Information provided: Begin
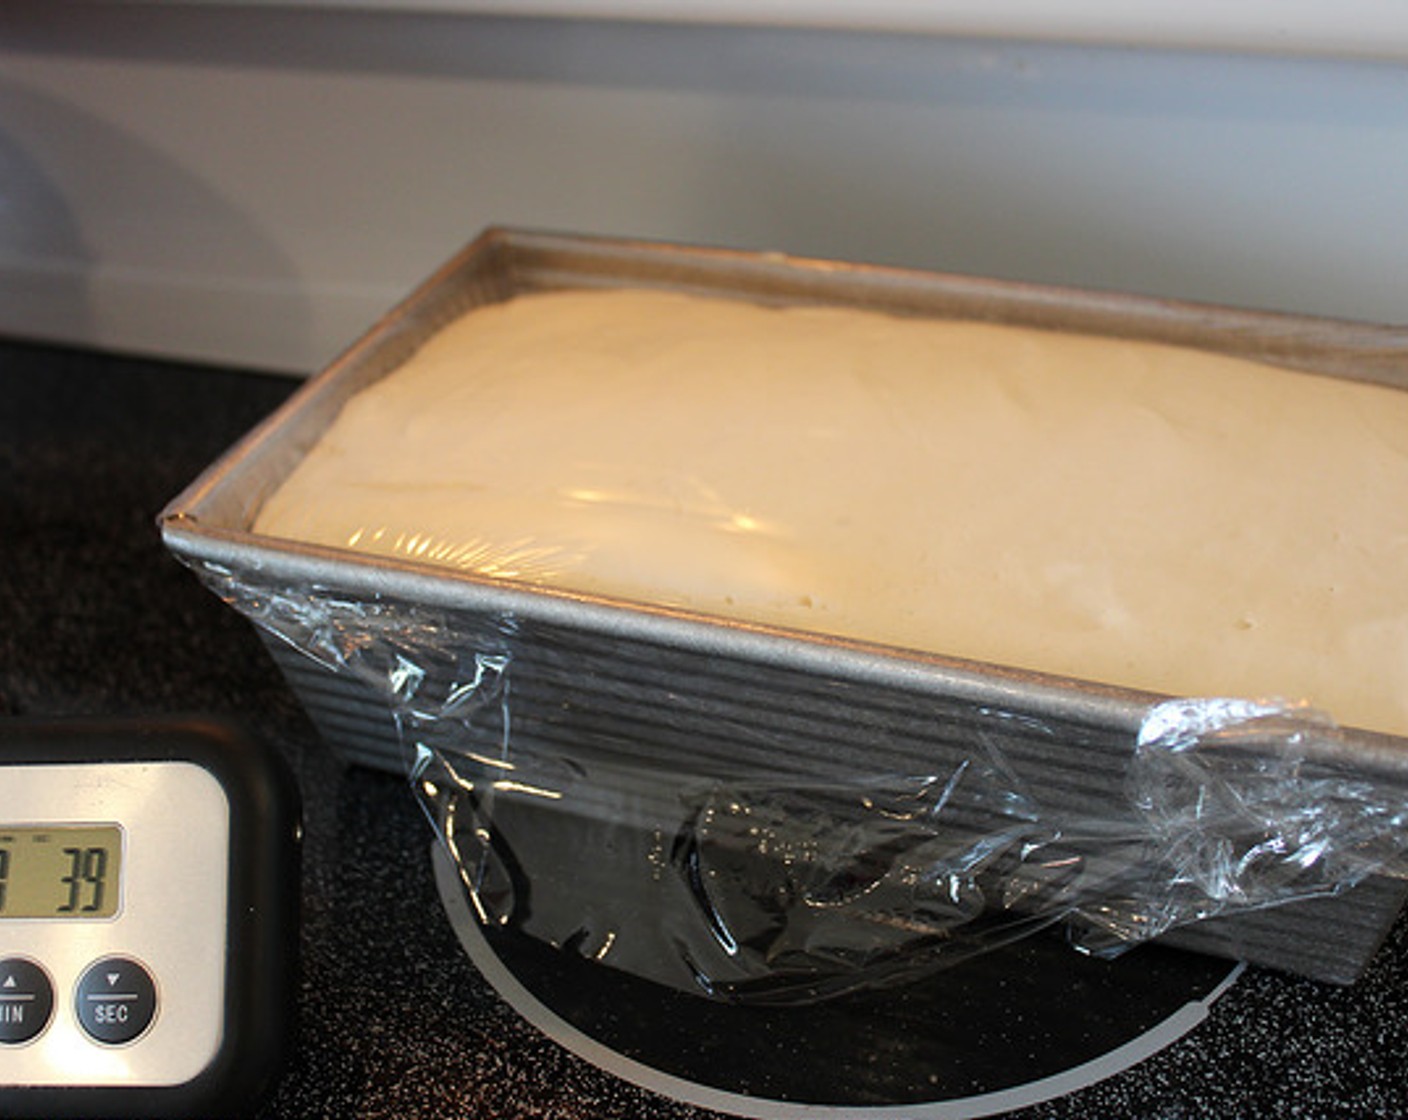 step 11 Using a spatula, scrape the bread mixture into your prepared loaf pan and cover with plastic wrap. Set pan on top of your warm stove to proof while the oven is preheating.
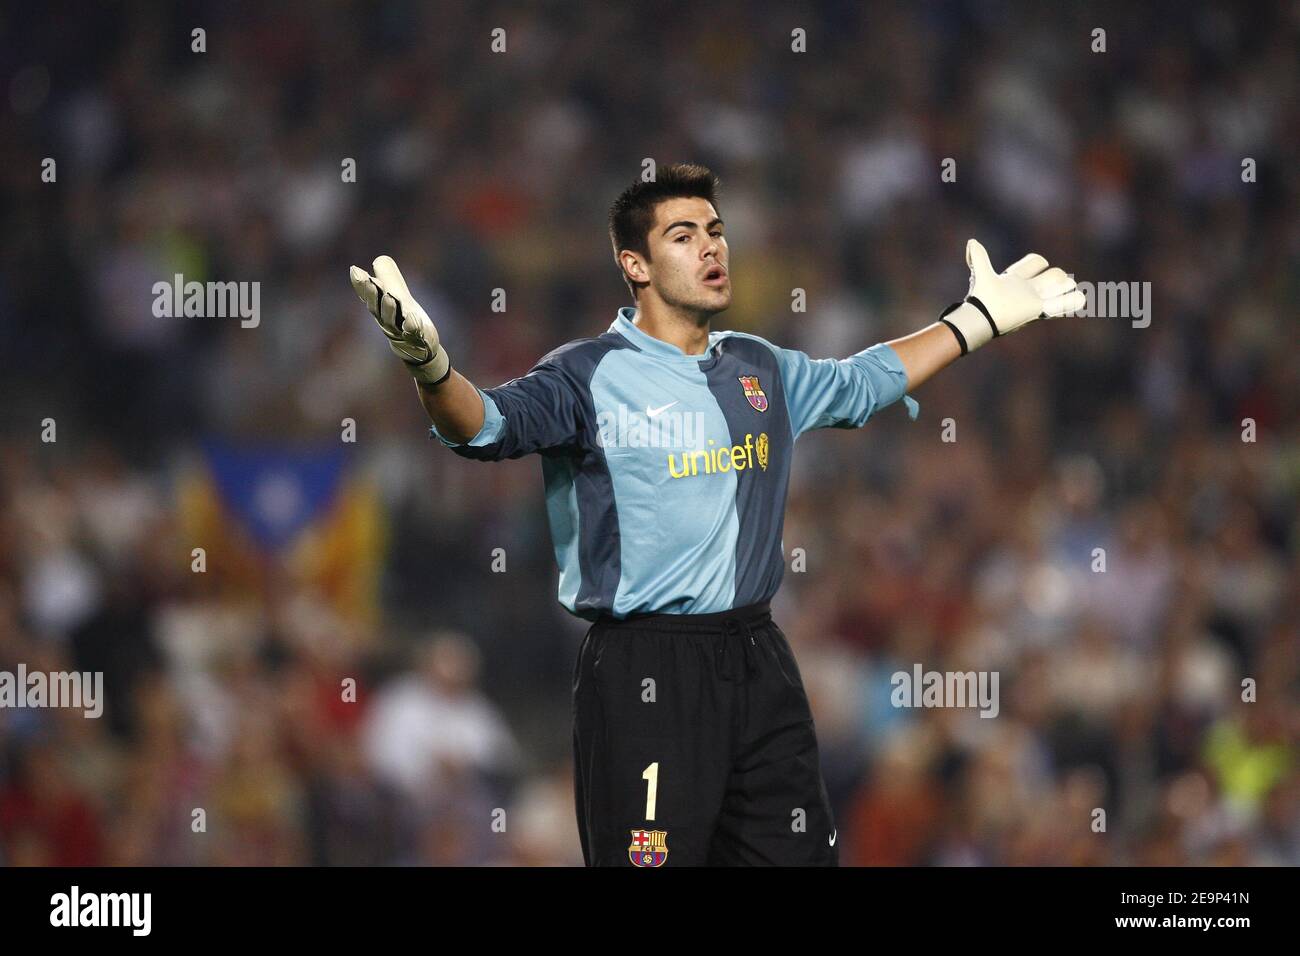 Barcelona's goalkeeper Victor Valdes during the UEFA Champions League, Group A, Barcelona vs Chelsea at the Camp Nou stadium in Barcelona, Spain on October 31, 2006. The match ended in a 2-2 draw. Photo by Christian Liewig/ABACAPRESS.COM Stock Photo
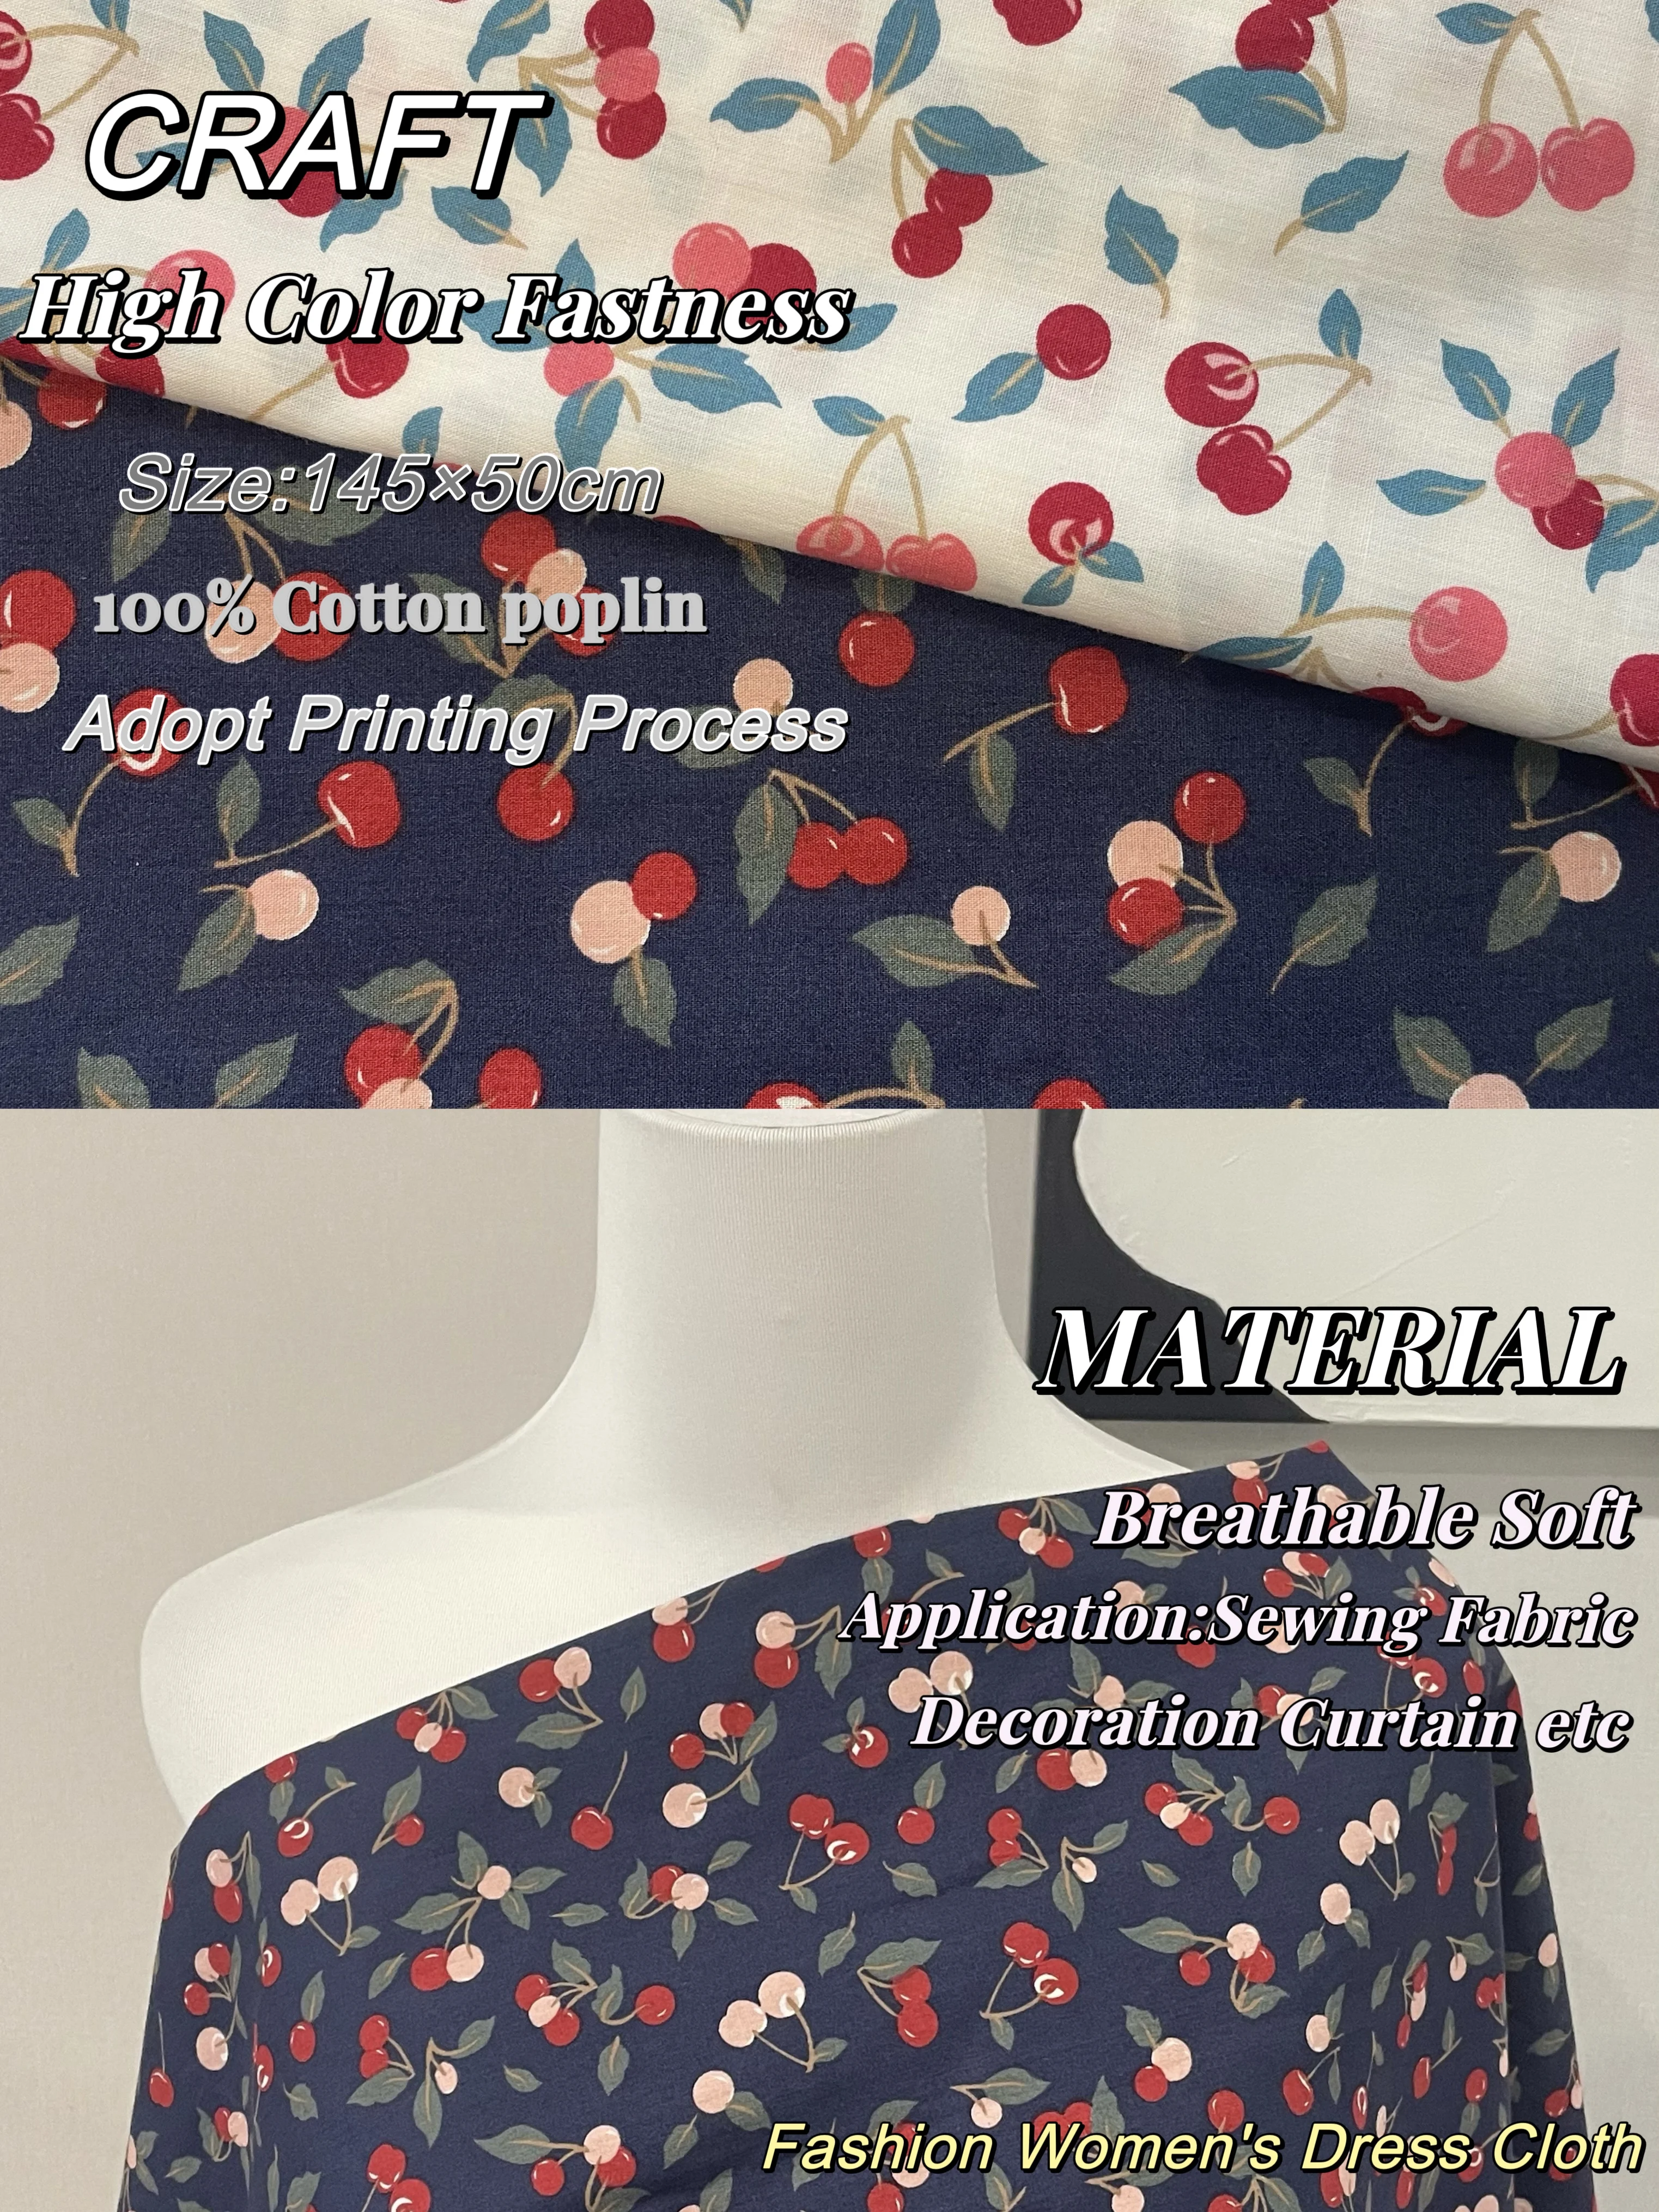 145×50cm fruit cherry 40s tissun liberty cotton fabric for kids baby sewing cloth dresses skirt diy handmade poplin patchwork 145×50cm Fruit Cherry 40S Tissun Liberty Cotton Fabric For Kids Baby Sewing Cloth Dresses Skirt DIY Handmade Poplin Patchwork
Information provided: End
» Requirement: Once the pictures are set aside, output all of the data above verbatim.

» Result below:
 step 11 Using a spatula, scrape the bread mixture into your prepared loaf pan and cover with plastic wrap. Set pan on top of your warm stove to proof while the oven is preheating.
 Barcelona's goalkeeper Victor Valdes during the UEFA Champions League, Group A, Barcelona vs Chelsea at the Camp Nou stadium in Barcelona, Spain on October 31, 2006. The match ended in a 2-2 draw. Photo by Christian Liewig/ABACAPRESS.COM Stock Photo
 145×50cm fruit cherry 40s tissun liberty cotton fabric for kids baby sewing cloth dresses skirt diy handmade poplin patchwork 145×50cm Fruit Cherry 40S Tissun Liberty Cotton Fabric For Kids Baby Sewing Cloth Dresses Skirt DIY Handmade Poplin Patchwork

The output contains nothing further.